Saturday, August 17, 2024

More than doubled the speed of my neural network training using cblas and SSE.

This was actually very easy and strait forward to do. 




void add_biases_simd(double *output, double *biases, int output_size) {
for (int i = 0; i < output_size; i += 4) {
__m128d voutput = _mm_loadu_pd(&output[i]);
__m128d vbiases = _mm_loadu_pd(&biases[i]);
voutput = _mm_add_pd(voutput, vbiases);
_mm_storeu_pd(&output[i], voutput);
}
}

void forward_layer(double *input, double *weights, double *biases, int input_size, int output_size, double *output, activation_function activate, ActivationFunction activation) {
// Use SIMD or BLAS for matrix multiplication
cblas_dgemv(CblasRowMajor, CblasNoTrans, output_size, input_size, 1.0, weights, input_size, input, 1, 0.0, output, 1);
// Add biases using SIMD
add_biases_simd(output, biases, output_size);
// Apply activation function
if (activation == ACTIVATION_SOFTMAX) {
softmax(output, output, output_size);
} else if (activate) {
for (int i = 0; i < output_size; ++i) {
output[i] = activate(output[i]);
}
}
}
void forward_layer_simple(double *input, double *weights, double *biases, int input_size, int output_size, double *output, activation_function activate, ActivationFunction activation)
{
for (int i = 0; i < output_size; ++i)
{
output[i] = 0.0;
for (int j = 0; j < input_size; ++j)
{output[i] += input[j] * weights[i * input_size + j]; }
output[i] += biases[i];
}

if (activation == ACTIVATION_SOFTMAX)
{ softmax(output, output, output_size);
} else if (activate) {
for (int i = 0; i < output_size; ++i)
{ output[i] = activate(output[i]); }
}
}


This an improvement of the backward pass.  I now need to implement my optimizations in terms of sse and cblas.  I am not concerned about keeping these old functions around because I won't be running the backward pass on embedded machines. 

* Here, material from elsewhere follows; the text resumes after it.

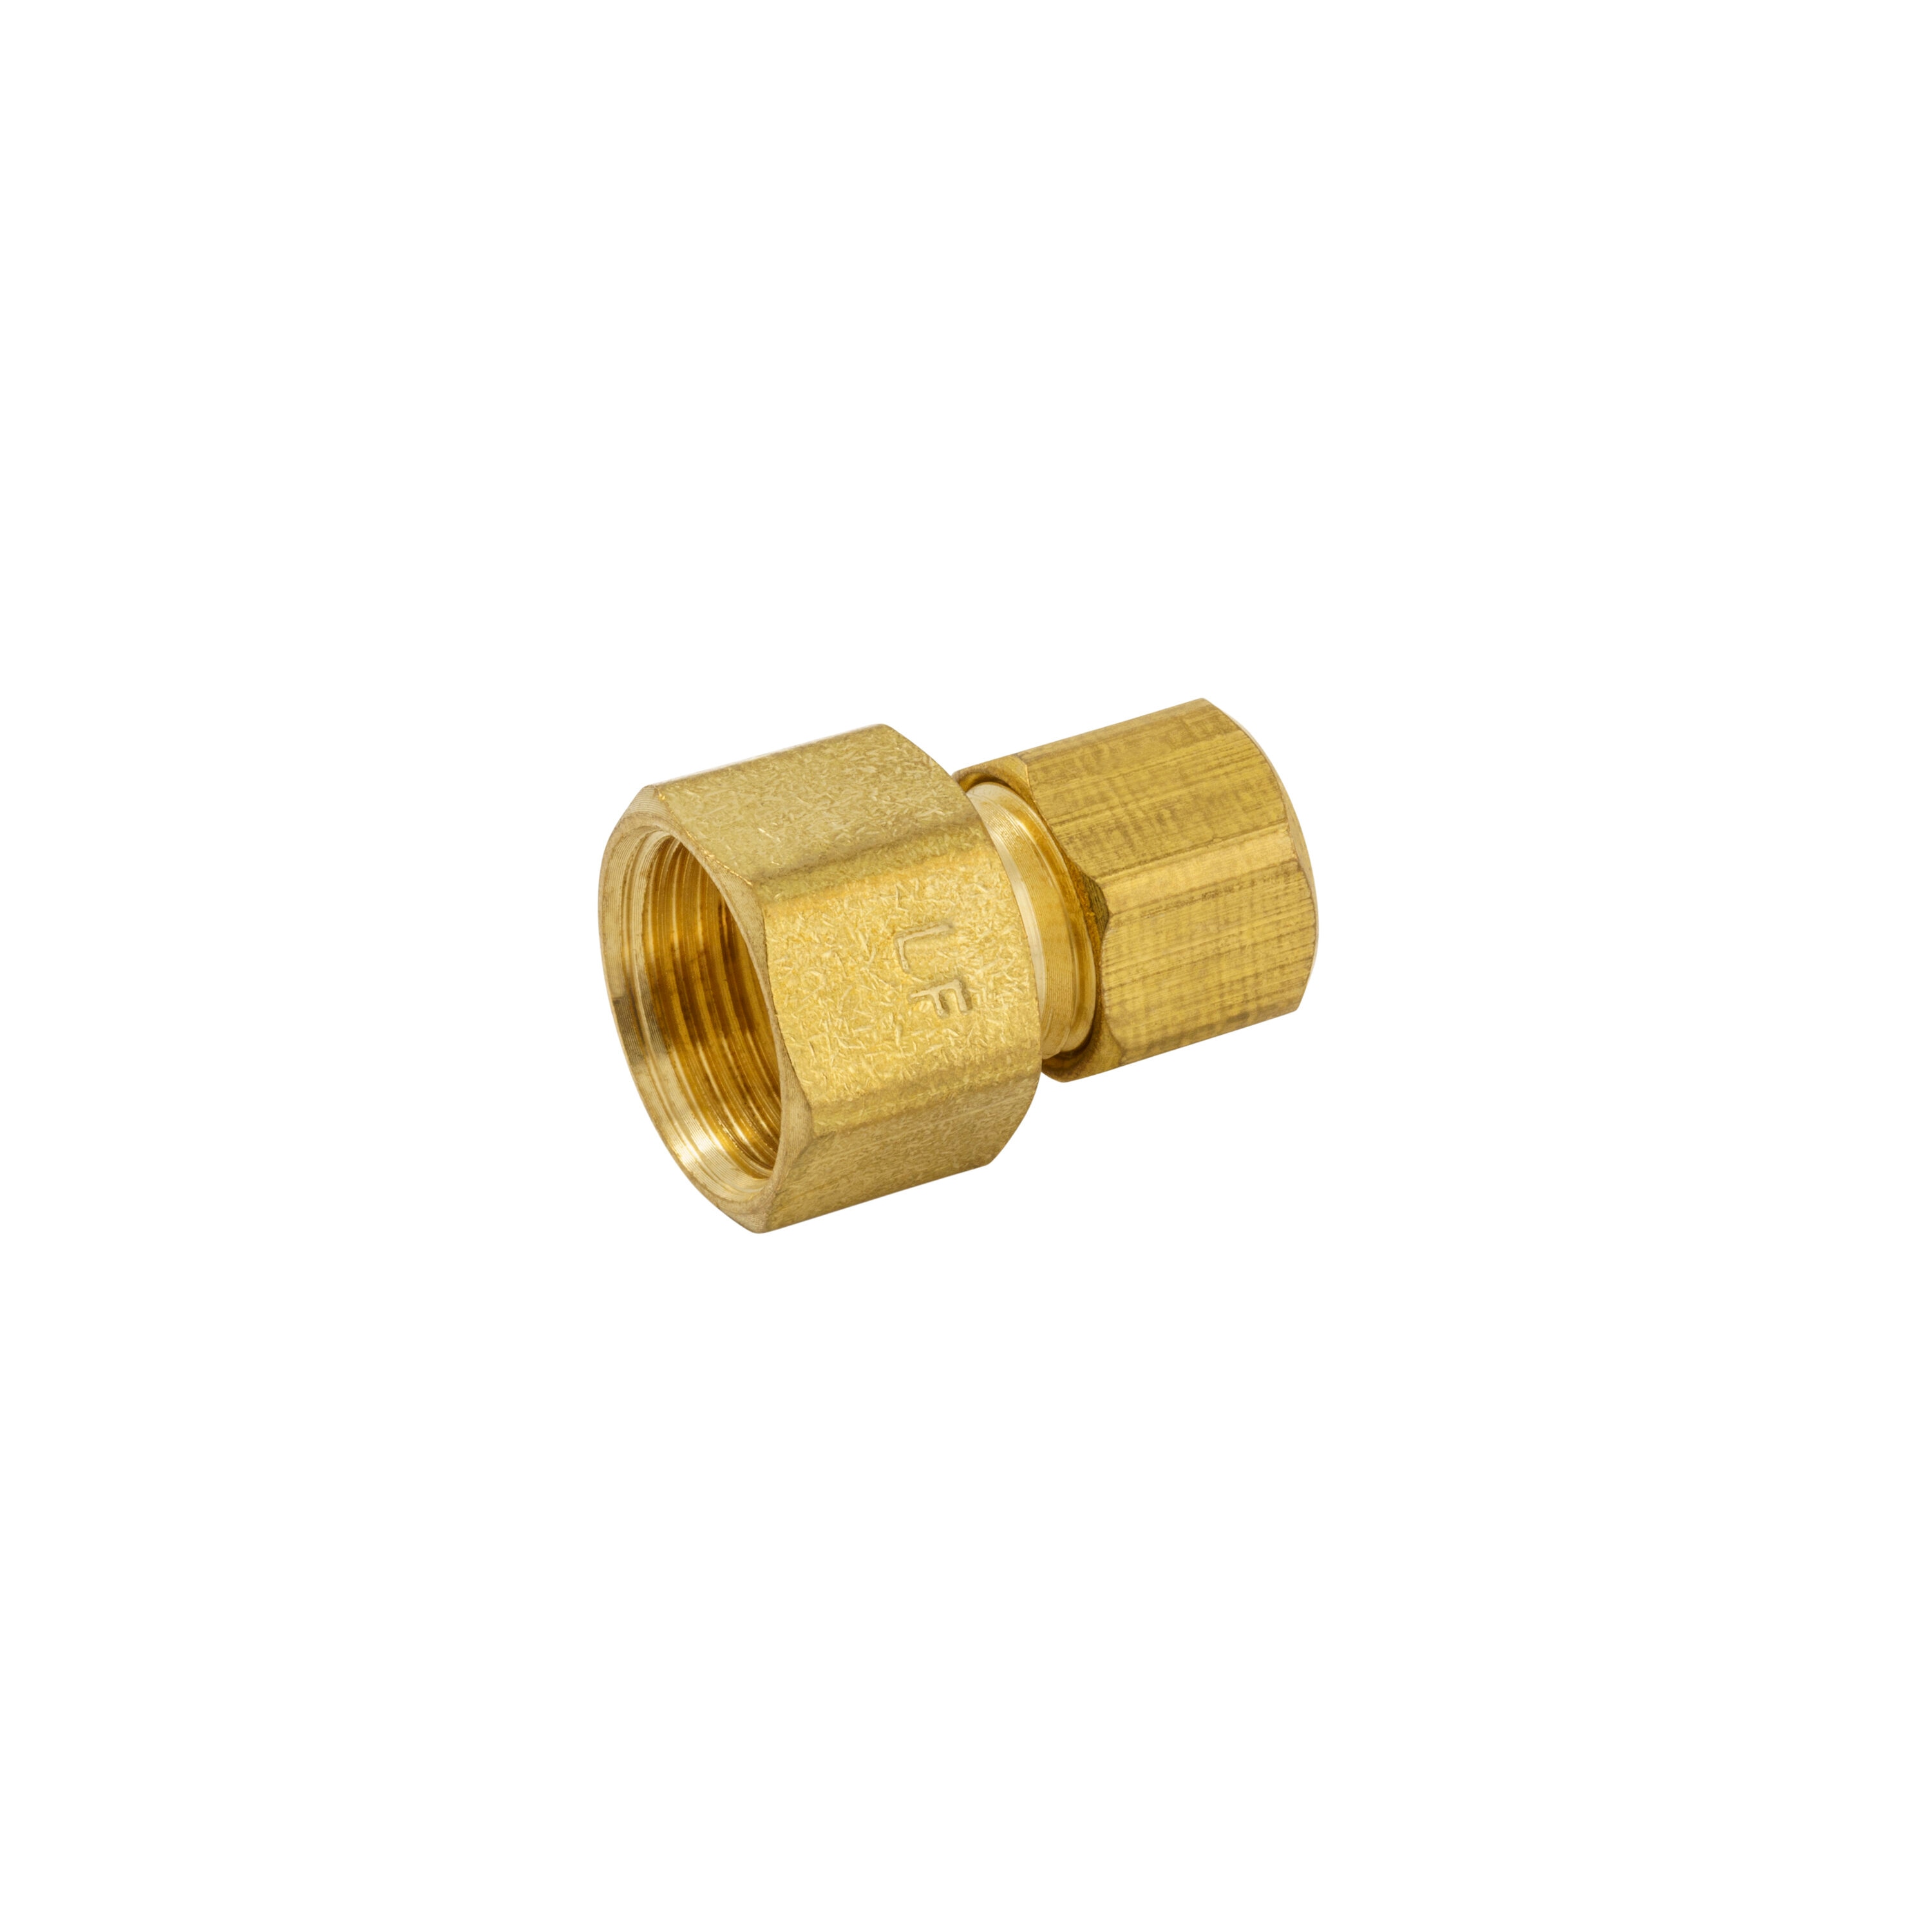 Proline Series 3/8-in x 1/4-in Compression Reducing Union Fitting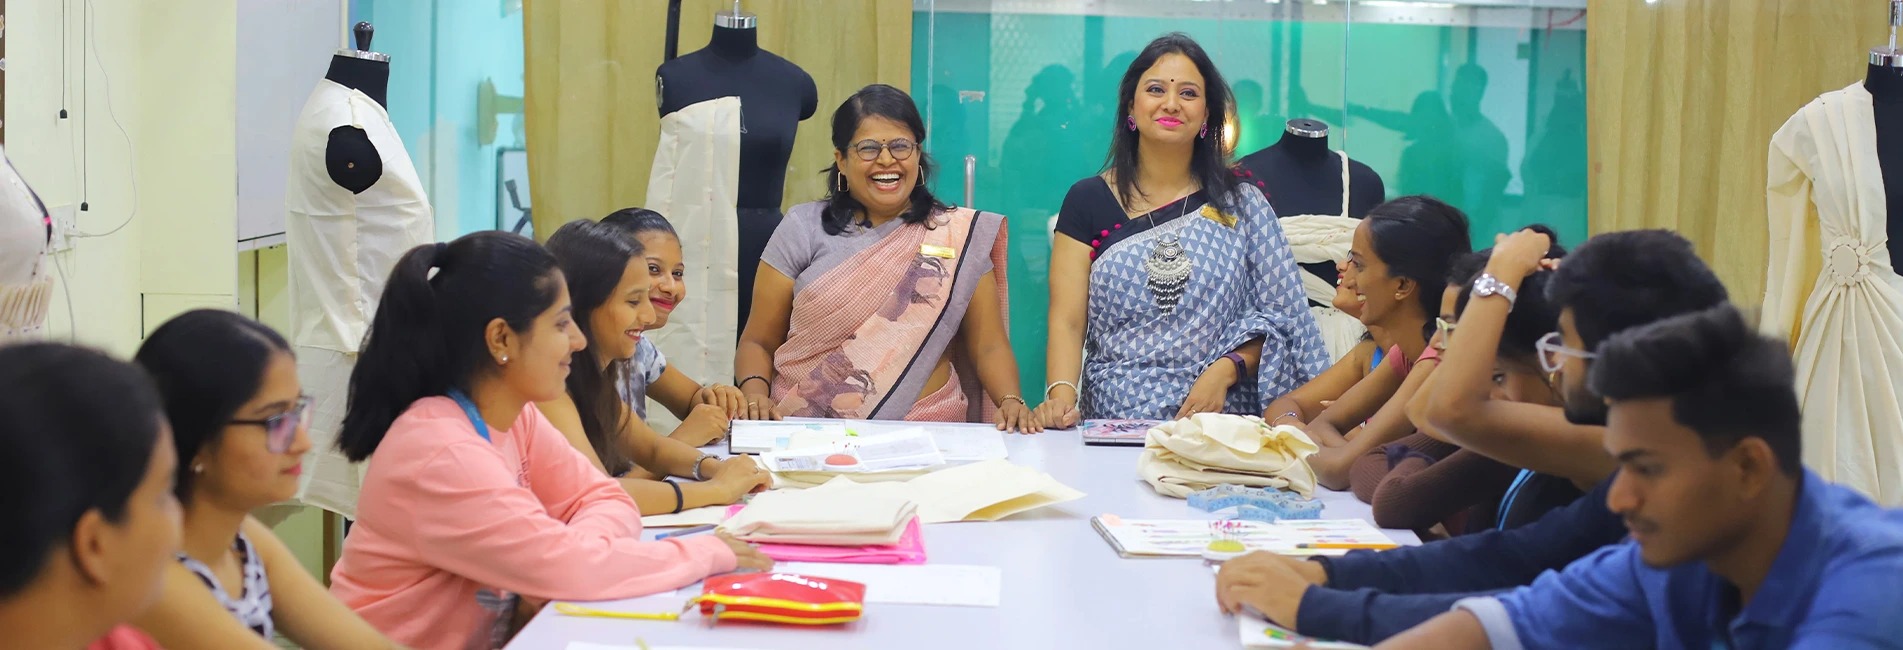 A Picture of Class Room Filled With Fashion Designing Students From IIFT Bangalore Campus

void backward_pass(NeuralNet *net, double *input, double *expected, double *output) {
int i, j, k;
Layer *output_layer = &net->layers[net->num_layers - 1];

// Calculate output layer errors
if (output_layer->activation == ACTIVATION_SOFTMAX) {
for (i = 0; i < output_layer->output_size; ++i) {
output_layer->errors[i] = output[i] - expected[i];
}
} else {
for (i = 0; i < output_layer->output_size; ++i) {
output_layer->errors[i] = net->calculate_error_derivative(net, output[i], expected[i]) *
output_layer->activate_derivative(output_layer->activations[i]);
}
}

// Backpropagate errors and update weights
for (i = net->num_layers - 1; i > 0; --i) {
Layer *current_layer = &net->layers[i];
Layer *prev_layer = &net->layers[i - 1];

// Calculate gradients and update weights and biases
for (j = 0; j < current_layer->output_size; ++j) {
for (k = 0; k < current_layer->input_size; k += 2) {
int weight_index = j * current_layer->input_size + k;
double gradient0 = current_layer->errors[j] * prev_layer->activations[k] / net->batchsize;
double gradient1 = current_layer->errors[j] * prev_layer->activations[k + 1] / net->batchsize;

double jitter0 = jitter(net);
double jitter1 = jitter(net);

// Use SSE2 to update weights in pairs
__m128d grad = _mm_set_pd(gradient1 - jitter1, gradient0 - jitter0);
__m128d weight = _mm_loadu_pd(&current_layer->weights[weight_index]);
__m128d update = _mm_sub_pd(weight, _mm_mul_pd(grad, _mm_set1_pd(net->learningrate)));

_mm_storeu_pd(&current_layer->weights[weight_index], update);
}
// Update biases with jitter
double bias_update = current_layer->errors[j] / net->batchsize - jitter(net);
current_layer->biases[j] -= net->learningrate * bias_update;
}

// Calculate errors for previous layer (if not input layer)
if (i > 1) {
cblas_dgemv(CblasRowMajor, CblasTrans, current_layer->output_size, current_layer->input_size, 1.0,
current_layer->weights, current_layer->input_size, current_layer->errors, 1, 0.0,
prev_layer->errors, 1);

for (j = 0; j < prev_layer->output_size; ++j) {
prev_layer->errors[j] *= prev_layer->activate_derivative(prev_layer->activations[j]);
}
}
}
}


Now, I did lose the optimized updates to weights and biases.  They now have to be rewritten in terms of  sse and cblas.